Personal information
- Born: January 6, 1966 (age 59) Brooklyn, New York, U.S.
- Height: 6 ft 3 in (1.91 m)
- Weight: 288 lb (131 kg)

Career information
- High school: Mahwah (Mahwah, New Jersey)
- College: Iowa
- NFL draft: 1989: 3rd round, 64th overall pick

Career history
- New York Giants (1989–1993); New England Patriots (1994–1996);

Awards and highlights
- Super Bowl champion (XXV); 2× First-team All-Big Ten (1986, 1988);

Career NFL statistics
- Games played: 105
- Games started: 71
- Stats at Pro Football Reference

= Bob Kratch =

American football player (born 1966)

Robert Kratch (born January 6, 1966) is an American former professional football player who was a guard in the National Football League (NFL) for the New York Giants and New England Patriots. He was selected in the third round of the 1989 NFL draft. He played college football at the University of Iowa for the Hawkeyes.

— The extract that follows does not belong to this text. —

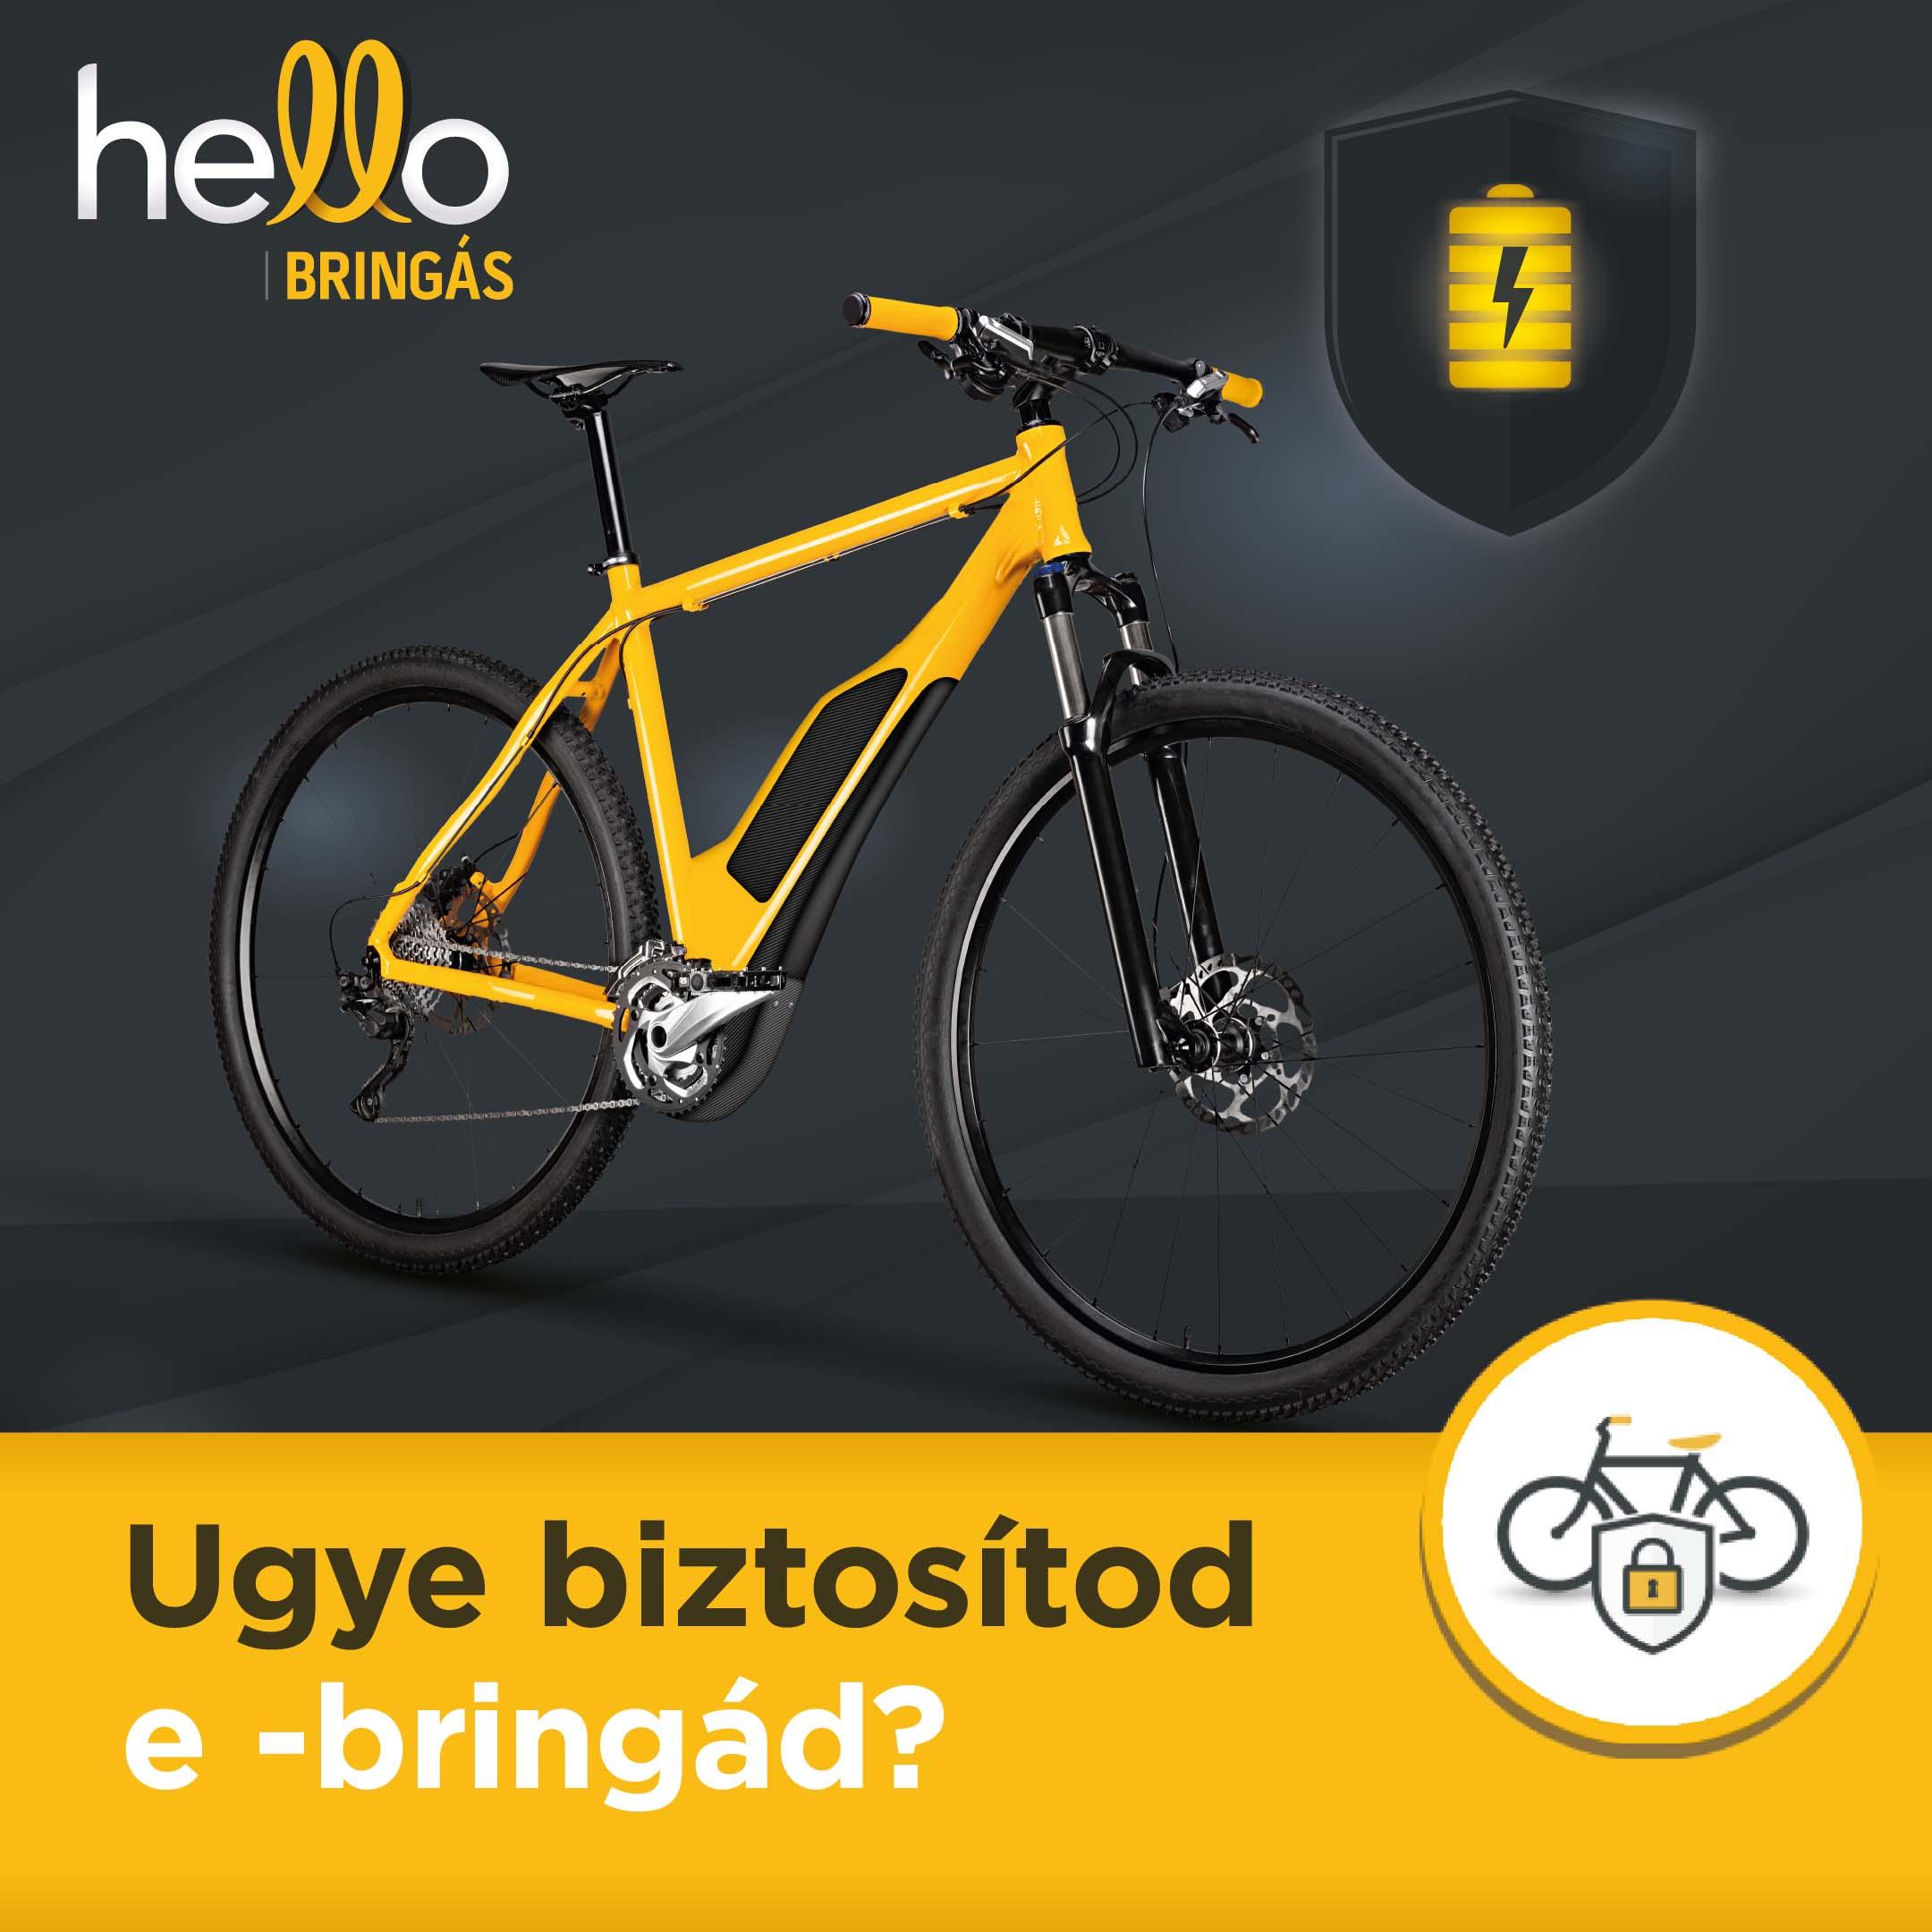 Már elektromos kerékpárokra is köthető biztosítás!-2

He lives in New Smyrna Beach, Florida with his wife, Kristi, and three children — Colby, 24, Nate, 22, and Mackenzie, 19. His son, Nate, plays basketball at Santa Clara University. His other son, Colby, was a tight end at Toledo University. He is a substitute teacher at New Smyrna Beach Middle School. He and his family own and operate Mudd Lake Furniture and The Roof In St Bonifacius, Minnesota.